What happens if you suggest your organization subject itself to security research? What sort of reaction do you think you'll get? Better, how would you define and explain it? Why?

Contrast that to suggesting you enhance existing processes with stronger security measures -- tailored to the needs of the organization. It's a stronger approach. It leads to better integration of security. Imagine actually including security sooner in the process?

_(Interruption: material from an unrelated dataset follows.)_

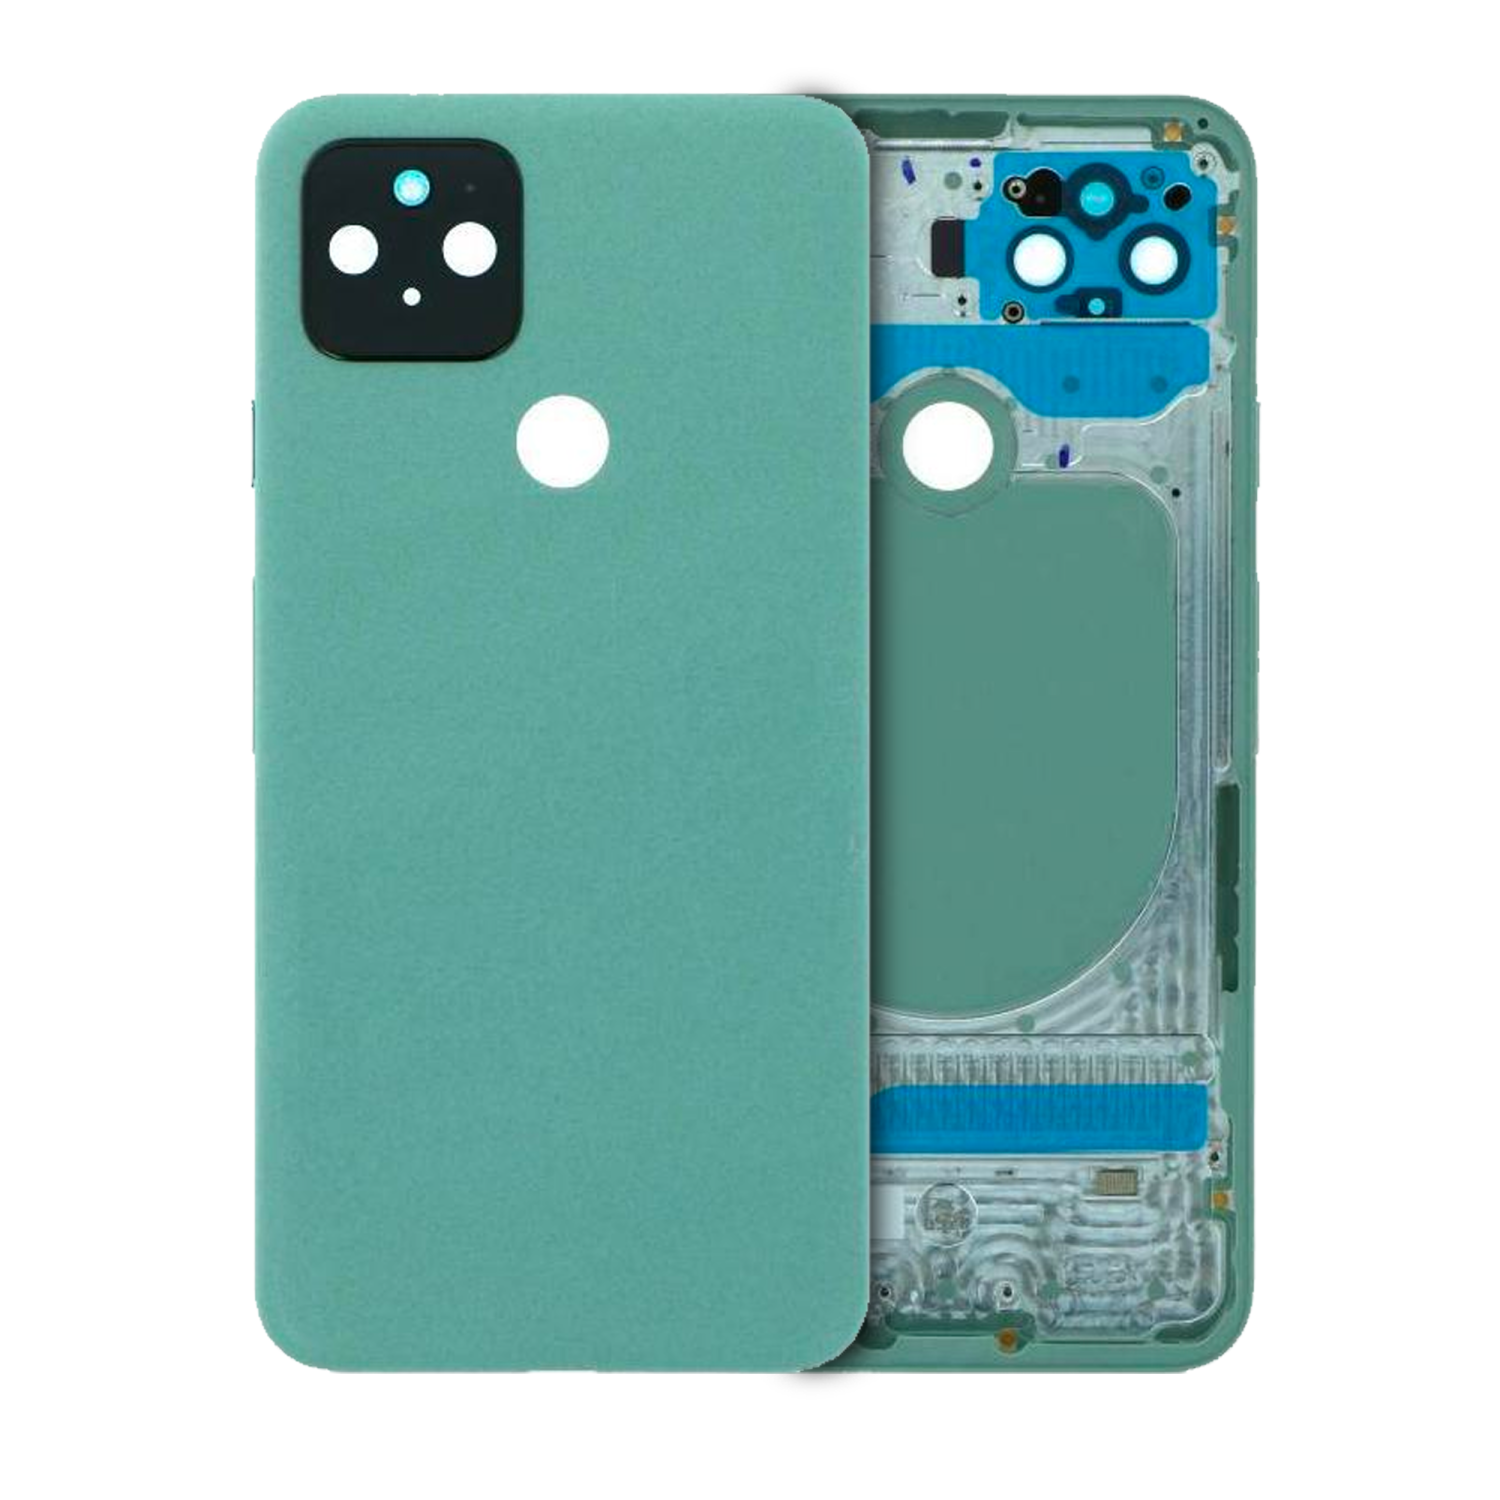 Replacement Housing Assembly Compatible With Google Pixel 5 (Genuine OEM) (US / JP) (Green) (Genuine OEM)

James Jardine (LinkedIn,@jardinesoftware) of Jardine Software penned a post last week laying out the difference (read it here). His take on the distinction between security research and testing lays out our opportunity. In fact, I see it as a way to speed up support for security research and other programs aimed at making it better for all of us.

Here are five questions with James about why the concept matters and how you can take advantage of it.

What inspired your recent article about the definitions of words and the impact on our efforts in security?

I read a tweet supporting the FDA push for medical device makers to allow security research. It caused me to step back to think about the phrase "security research." Further, what does it actually mean to allow more security research? Given known issues with security protocols, devices, and applications, is what we need more research?

Instead of research, what if the statement read "FDA pushing for medical device makers to adopt stronger security testing"?

The security industry struggles to define security research. We offer "bug bounty" programs. Both offer value and introduce confusion. Businesses who seek better security know what QA is. They have programs to test and ensure a desired level of quality. Instead of focusing on research and bounties. If we focus on language and concepts they already have, we get more traction.

When looking at security research versus testing, what is the problem we're trying to solve? What is the business need?

Security is a young field. It is still confusing to a lot of people. Defining security research is more complex. We're debating it in the industry. In my view, security research plays a valuable role in identifying new challenges and advancing solutions.

Once the bug, vulnerability, or like is defined and validated, looking for it is the role oftesting. Following established processes and methods to look for known potential defects within specific instances. For example, a medical device manufacturer could test for identified flaws for that type of device. This includes both common problems known to impact the class of device (like insecure transmissions or default passwords as well as anything specific to the device itself.